Position: 36°51’55.7″N 76°17’29.8″W
“If you see two life forms, one of them’s making a poop, the other one’s carrying it for him, who would you assume was in charge?” – Jerry Seinfeld
A while back I wrote a piece about improvements to the US Customs and Immigration system. America is catching up to Canada with automation, pre-checks, and better data management. Plus, there’s apps for crossing into the United States that makes life for bona fide citizens a little easier.
But if you want to take your American dog to a country other than Canada, you’re in for a challenge. Now, I understand the issues of spreading diseases like rabies to island nations. Britain had kept itself rabies free for decades thanks to a draconian quarantine system. Animals entering the UK spent six months under the care of the authorities. When several cases of neglect finally hit the press, things moved in favor of Euro-pet passports. Passports that validate your pet’s health and allow free passage between signatory countries. It’s not a global solution and such passports don’t exist in America. You’d think the United Nations would do something useful and solve the problem. They haven’t.
Catch-21
As a result, Marlon has had blood drawn and dispatched to Kansas. Rabies titres are indicators of his immunity to the disease and there’s only one place in the country that does that analysis. Once complete, Kansas sends his information via our examining vet* to the US Department of Agriculture for verification and certification. Here’s where we get into the catch-22.
The USDA certifies the health of pets only for specific countries, not generally. To do so requires they get proof of permission from the foreign governments, who require a certificate of health. In actuality, countries seem willing to give their permission ahead of seeing a health certificate, so it’s not a true Catch-22. It just seems like way more work than necessary.
From what we understand so far, the process works like this (and if you know something we don’t, for Dog’s sake tell us!):
- Apply to the country you want to take your dog to (let’s say, The Bahamas)
- We fill in forms and send them along with money to the Bahamian government
- The Bahamas sends us back a form saying, Cool, bring Marlon!
- That form goes to the USDA in Albany, NY who then certifies Marlon’s health based on the results of his titres from Kansas and his veterinary exam
- All that information gets bundled up and when we land in the Bahamas we have to take Marlon to a veterinarian there within 48 hours for examination and clearance
- If that goes as planned, then Marlon can get off the boat anywhere in the Bahamas
- Rinse and repeat for as many countries as you want to visit – don’t forget, the Caribbean is full of little countries all doing their own thing
Bliss
And if you bugger it up? Some countries go as far as impounding and euthanizing your dog! Now, there’s probably nothing in this process a few hundred shekels judiciously distributed here and there can’t mitigate, but it’s still a lot of work and stress.
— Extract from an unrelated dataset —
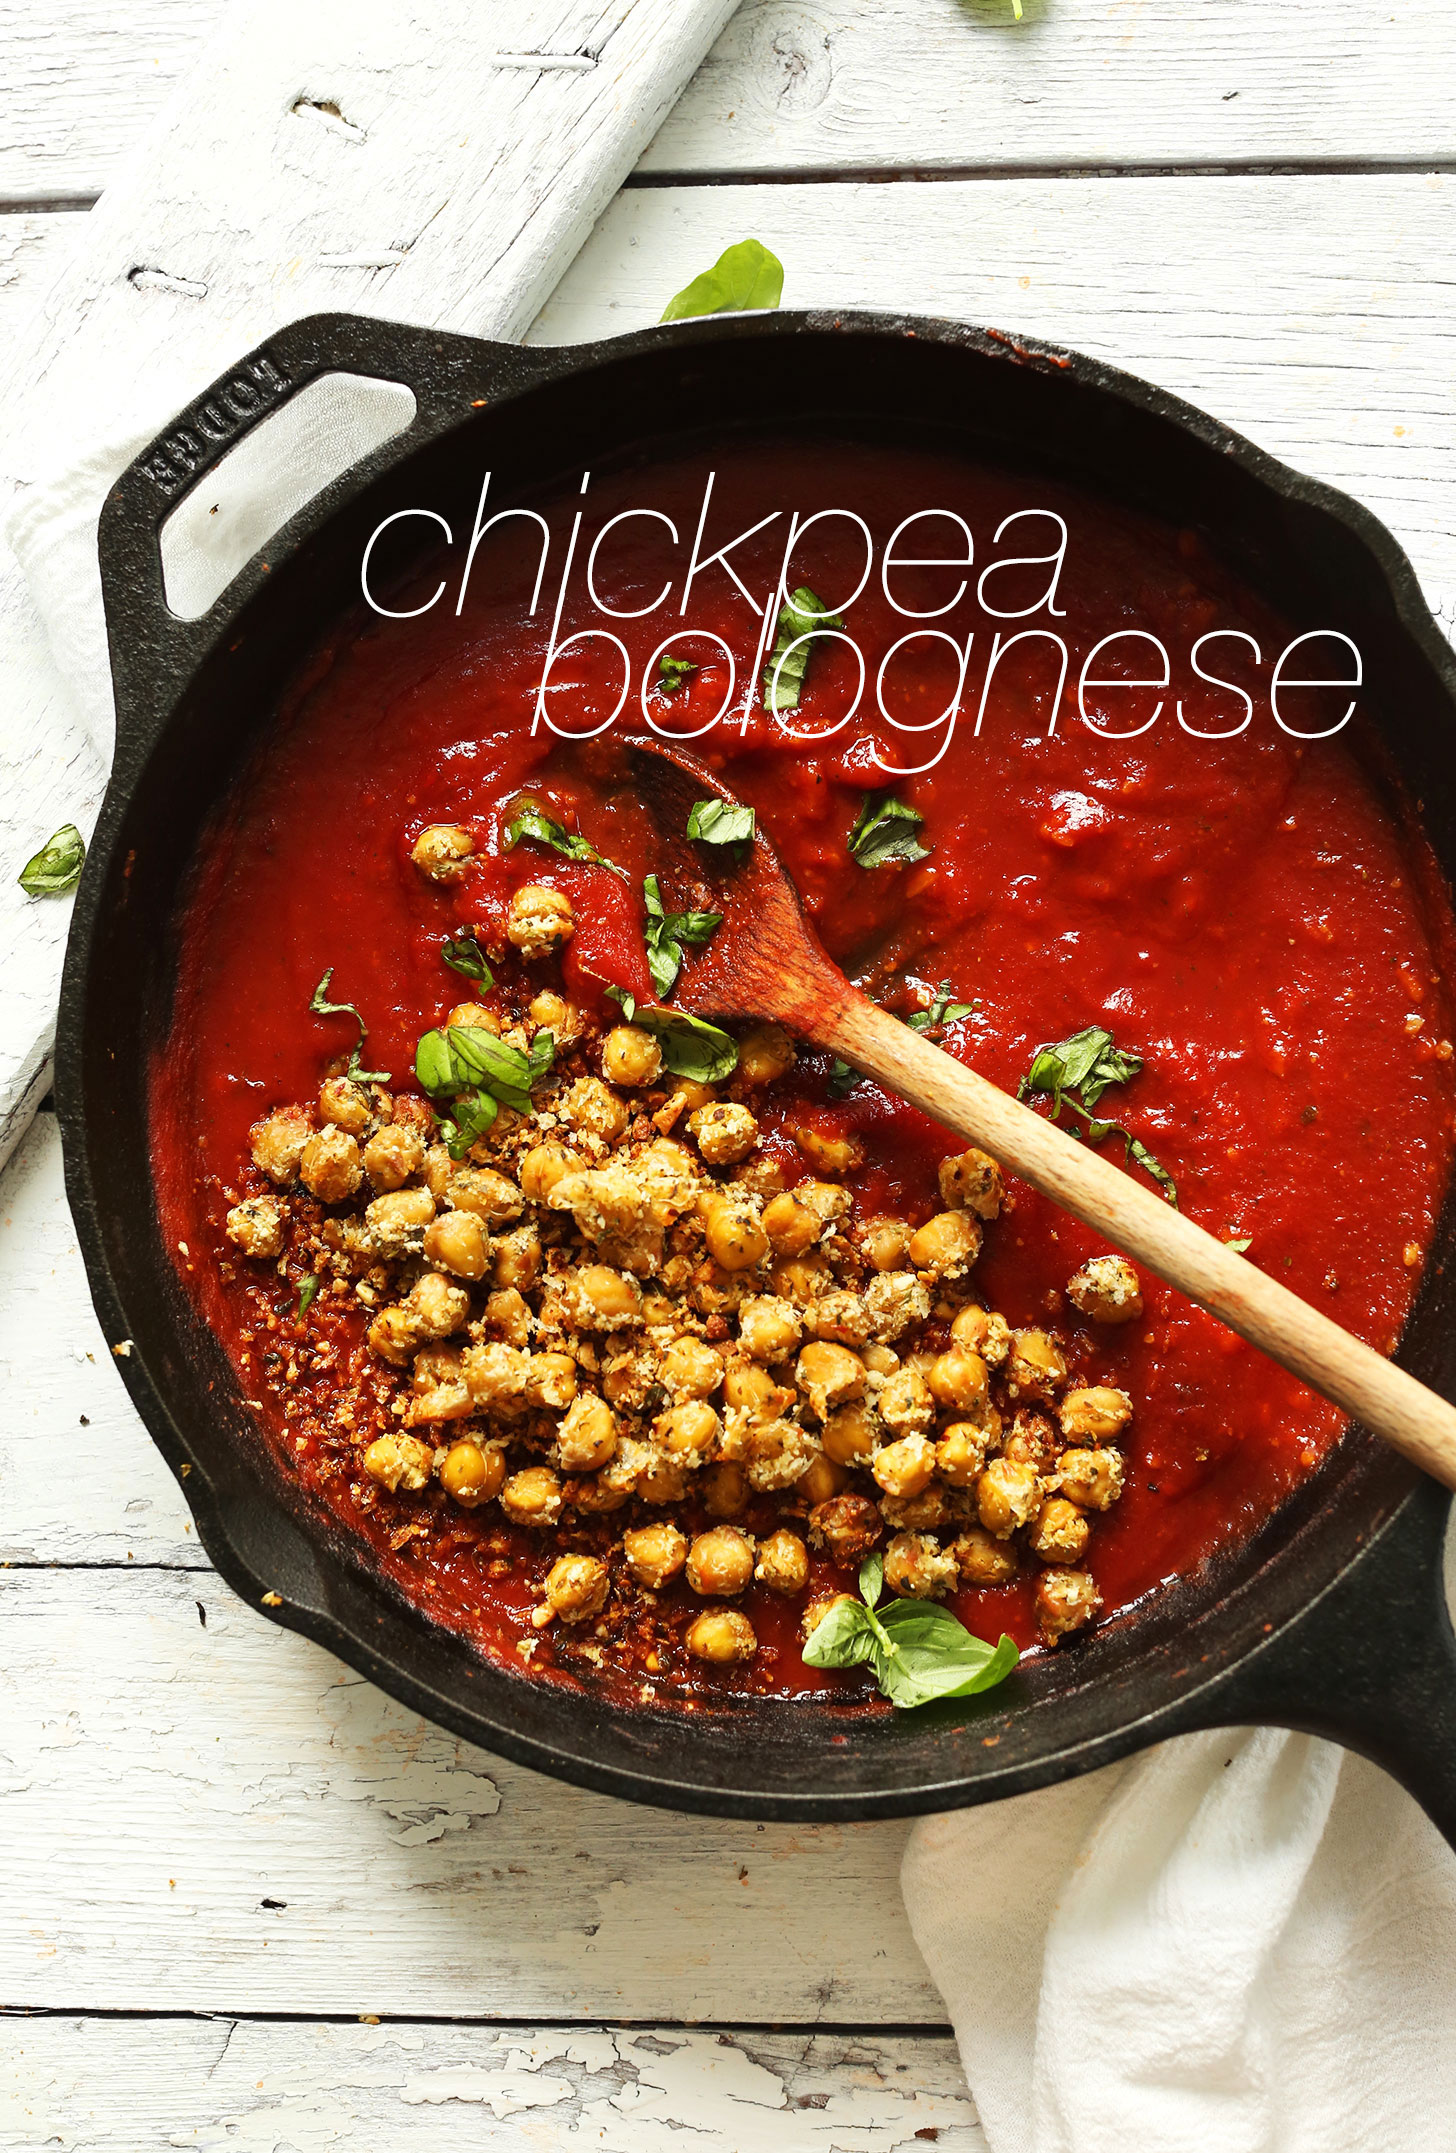 Cast-iron skillet filled with our gluten-free vegan recipe of Chickpea Bolognese

Marlon has the luxury of remaining blissfully unaware of all of this. Aside from suffering the indignity of repeated vet examinations, he can keep doing his doggy thing. This is one more example of the extensive hoops us humans jump through for our pets. I’ve no doubt that when the aliens land, they’ll assume our dogs are in charge.
*We’d like to put in a plug for Dr. Peter Gerlach and his team at the Dog & Cat Hospital in Norfolk, VA. They’ve been terrifically helpful throughout this process.